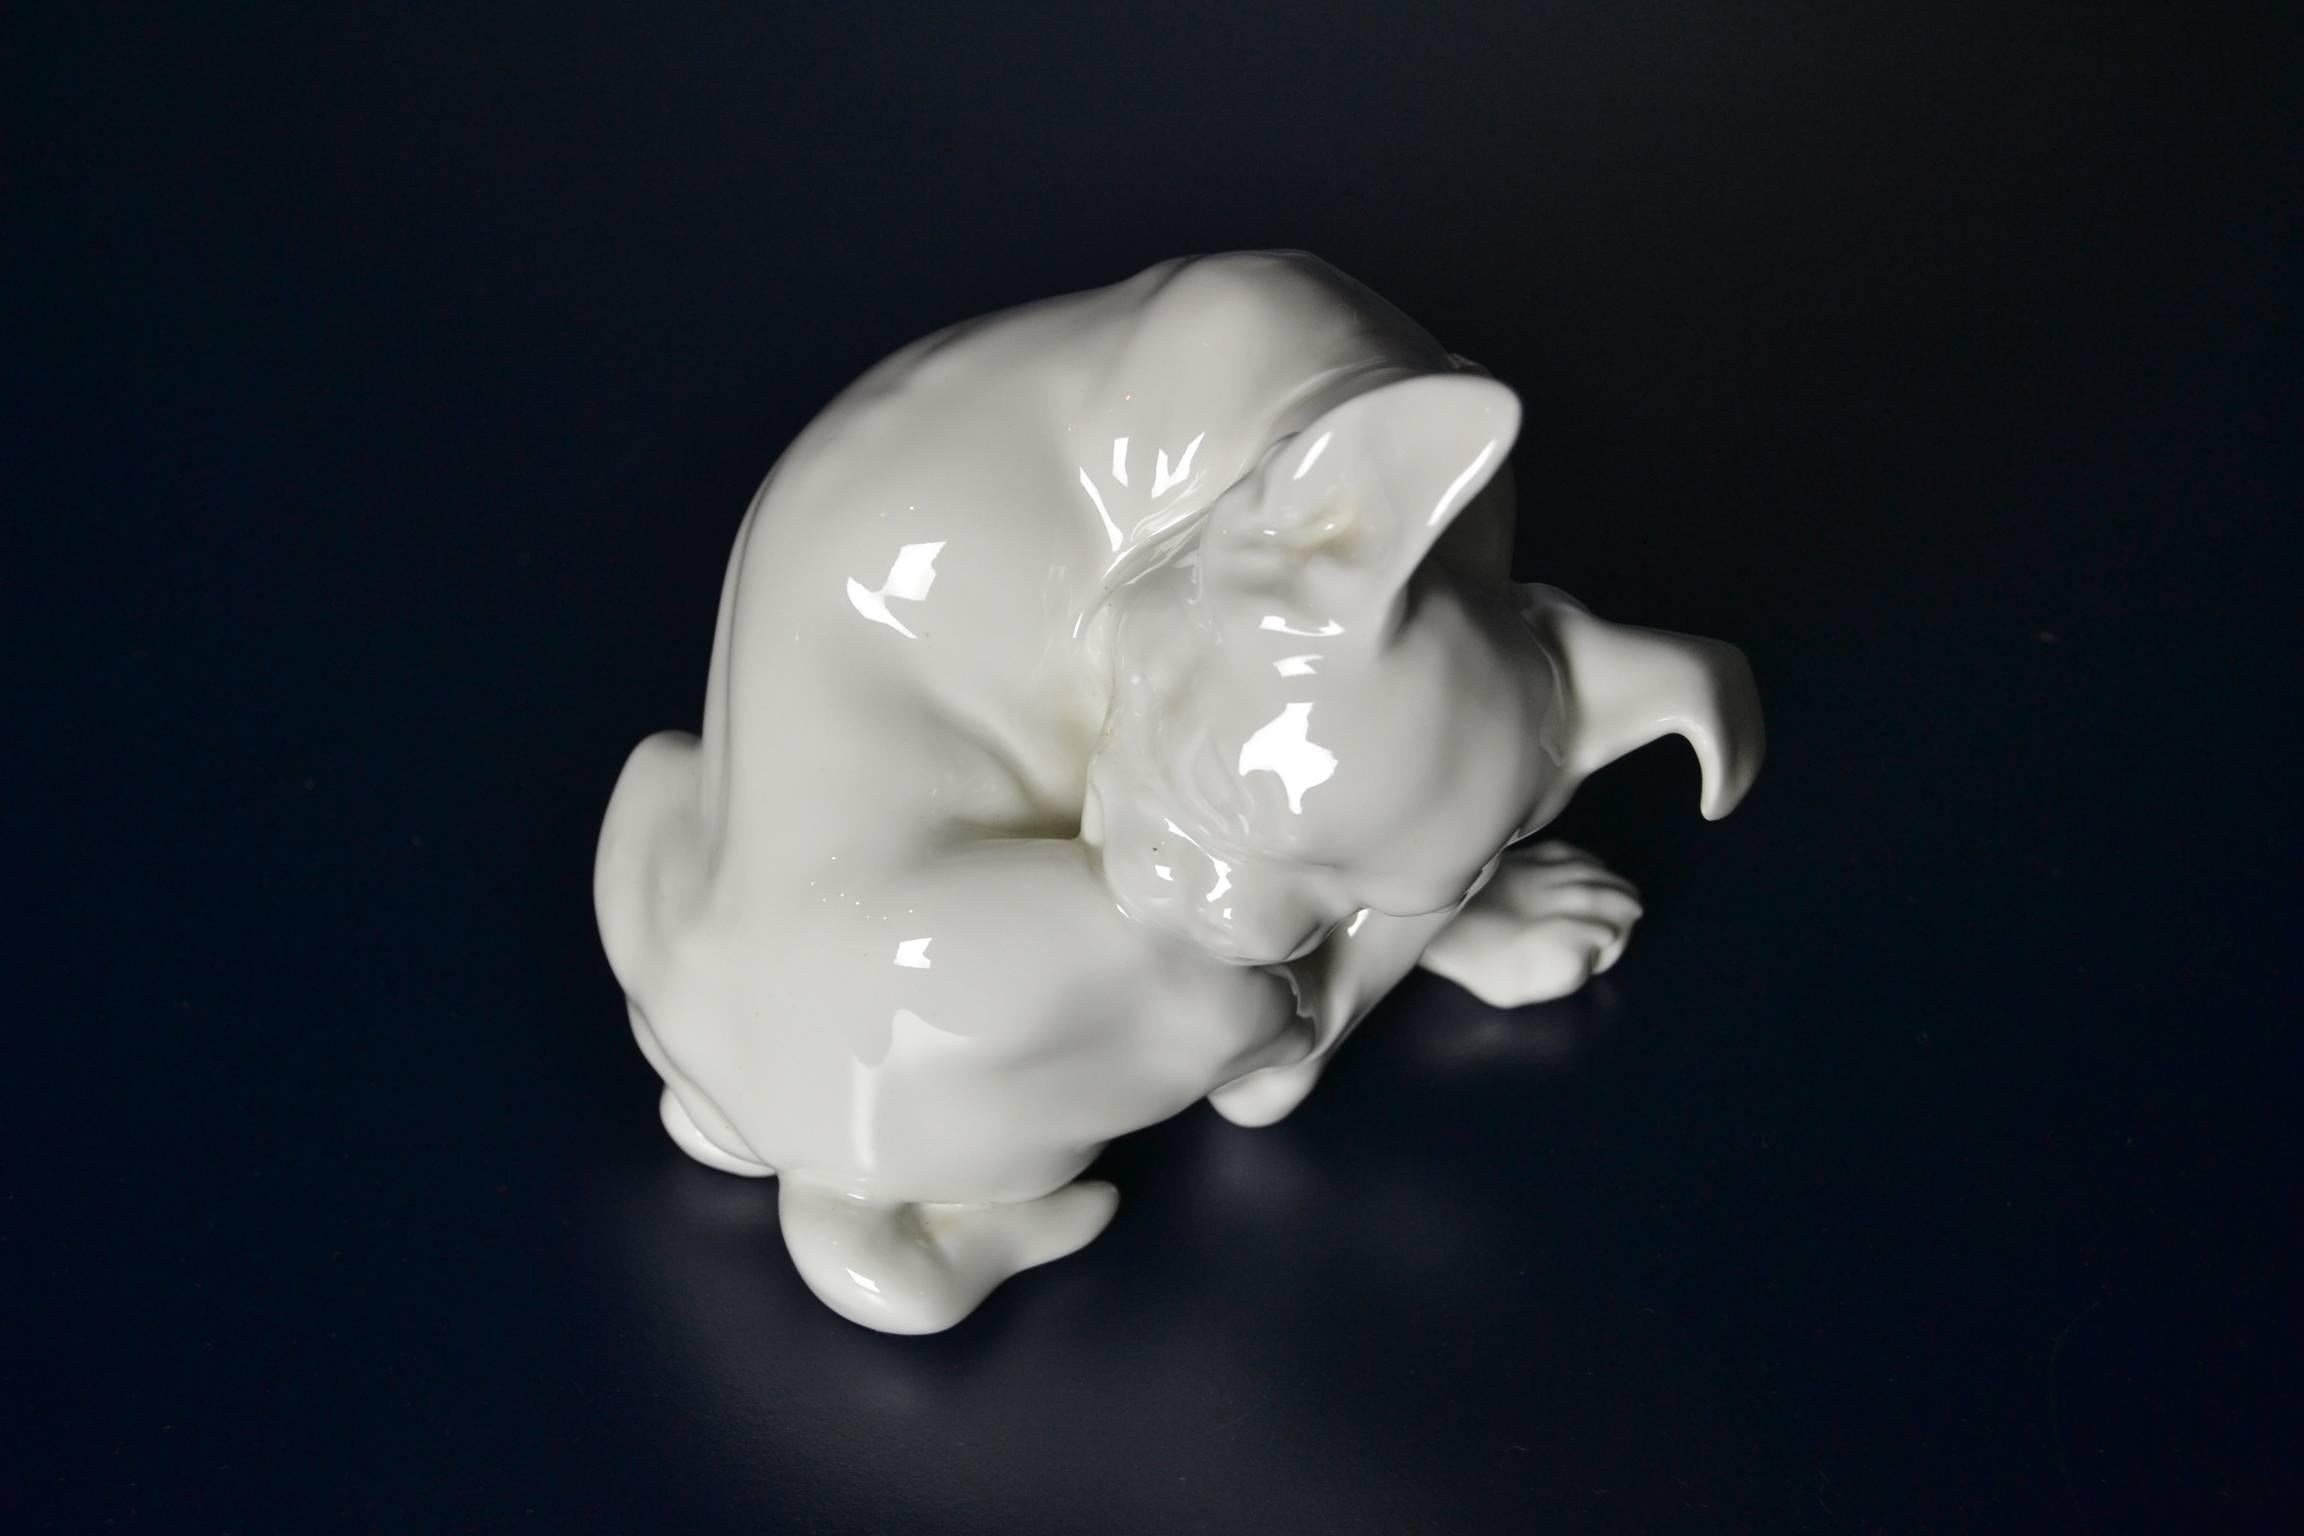 French bulldog white porcelain dog figurine statue.
Made by Company Meissen from Germany in the 1930s.
Stamped and numbered. 

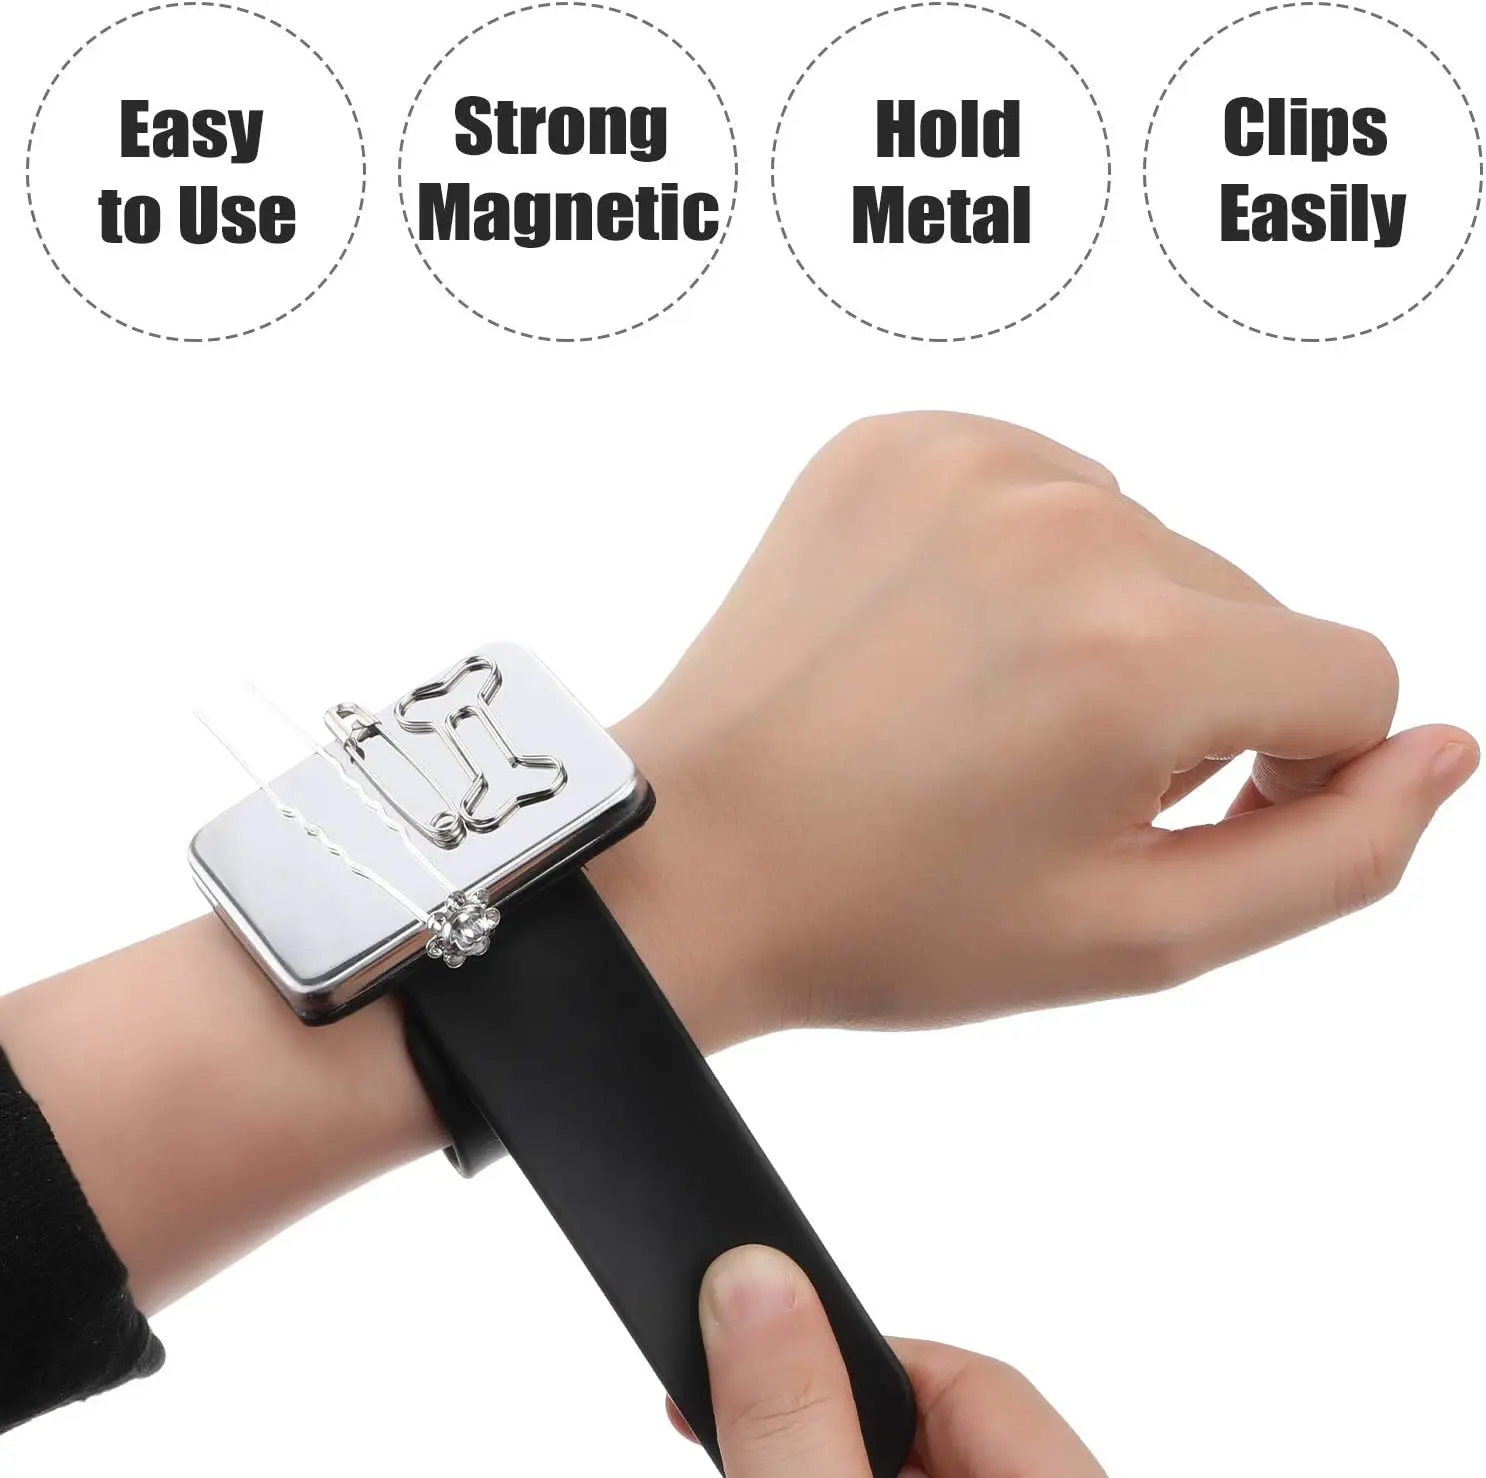 Professional Magnetic Bracelet Wrist Band Strap Salon Hair Accessories Hair Clip Holder Barber Hairdressing Styling Tools for xiaomi mi band 3 4 watch strap natural stones watch band replacement wrist band bracelet khaki
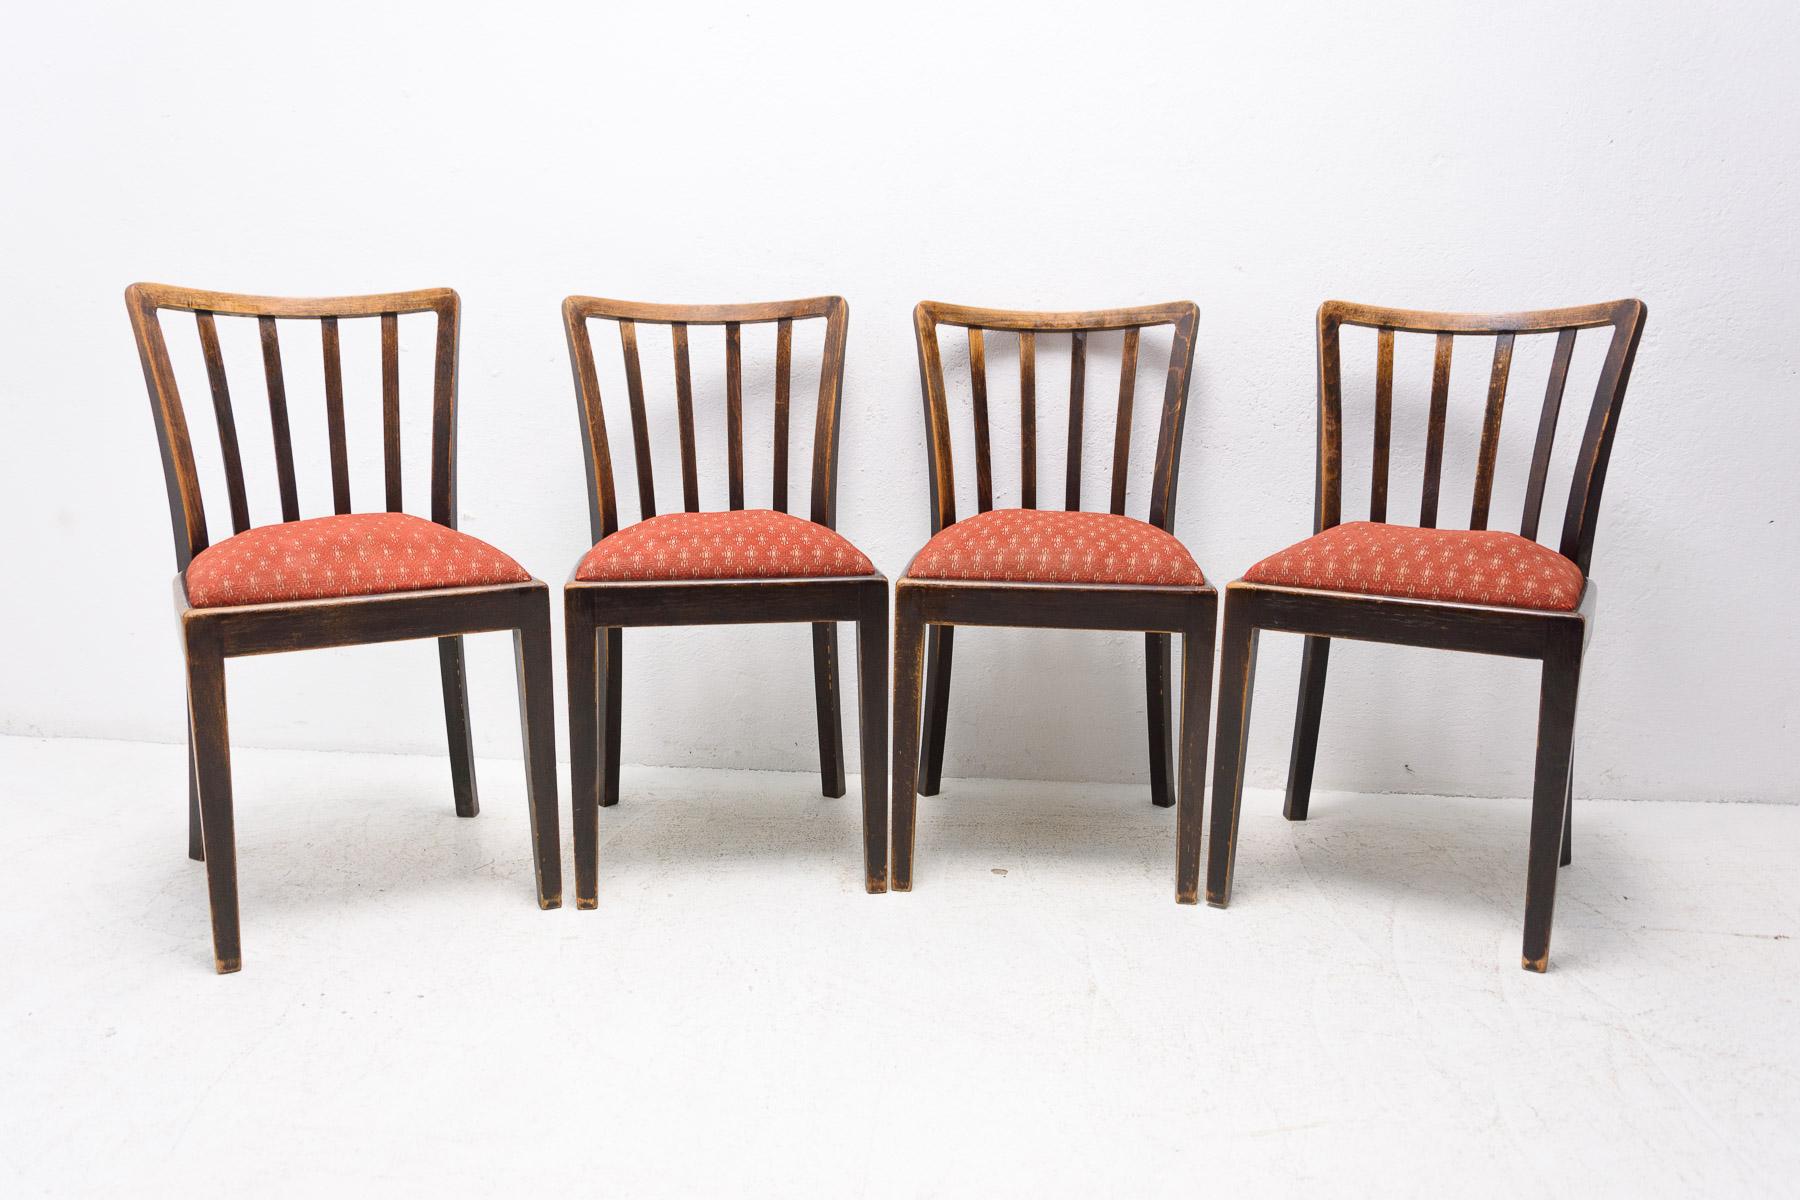 Set of four dining chairs by Thonet, these were made in the former Czechoslovakia in the 1950's . Made of beech wood and upholstered in fabric. The chairs are in good Vintage condition, with wear appropriate for the age of chairs. Marked Thonet.
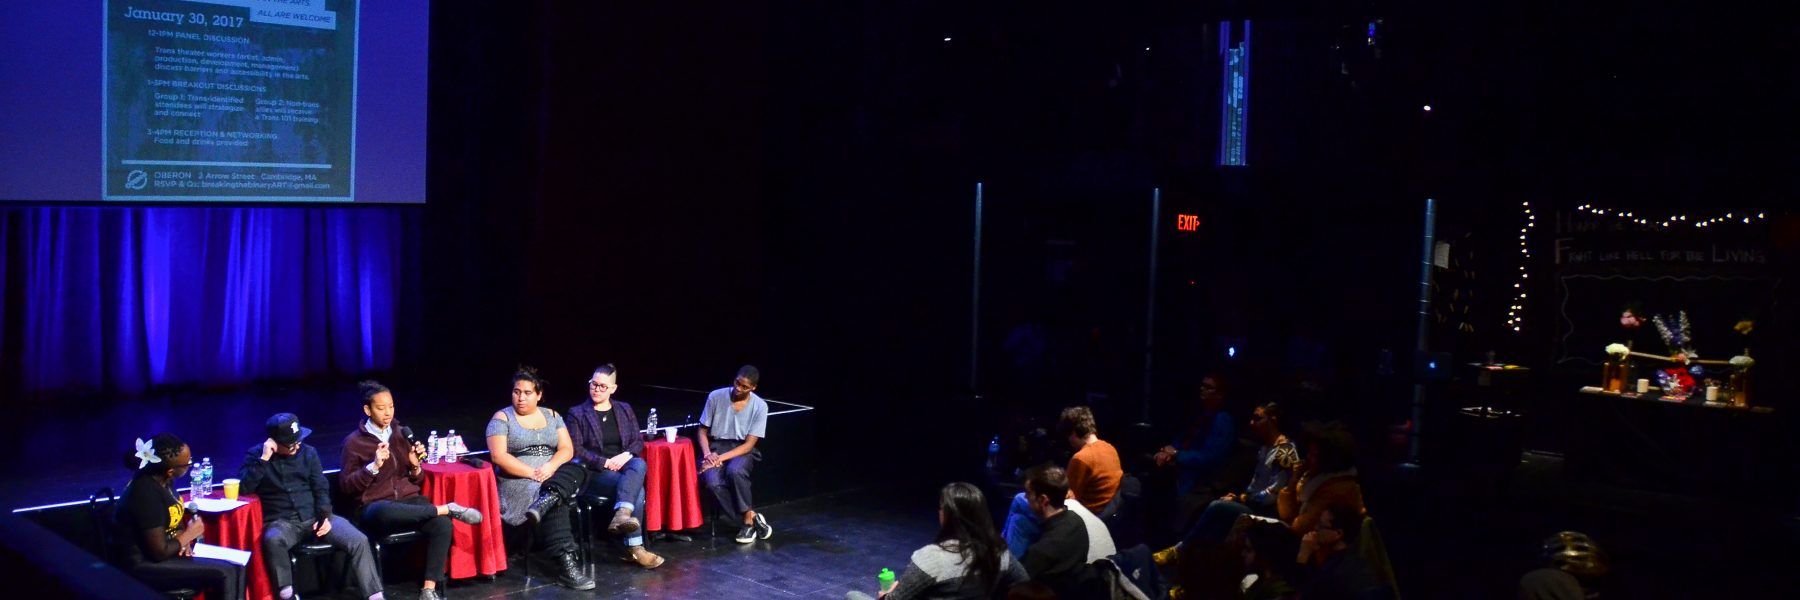 A panel of 6 speakers sits in front of a lit stage. An audience watches them attentively in the darkness.

===

[WHAT IS NEEDED] The line with "Stamped and numbered." and each line after it, through the final line of the data, are to be duplicated exactly, with pictures left out and nothing more included.

[EXERCISE OUTPUT]
Stamped and numbered. 

 Professional Magnetic Bracelet Wrist Band Strap Salon Hair Accessories Hair Clip Holder Barber Hairdressing Styling Tools for xiaomi mi band 3 4 watch strap natural stones watch band replacement wrist band bracelet khaki
 Set of four dining chairs by Thonet, these were made in the former Czechoslovakia in the 1950's . Made of beech wood and upholstered in fabric. The chairs are in good Vintage condition, with wear appropriate for the age of chairs. Marked Thonet.
 A panel of 6 speakers sits in front of a lit stage. An audience watches them attentively in the darkness.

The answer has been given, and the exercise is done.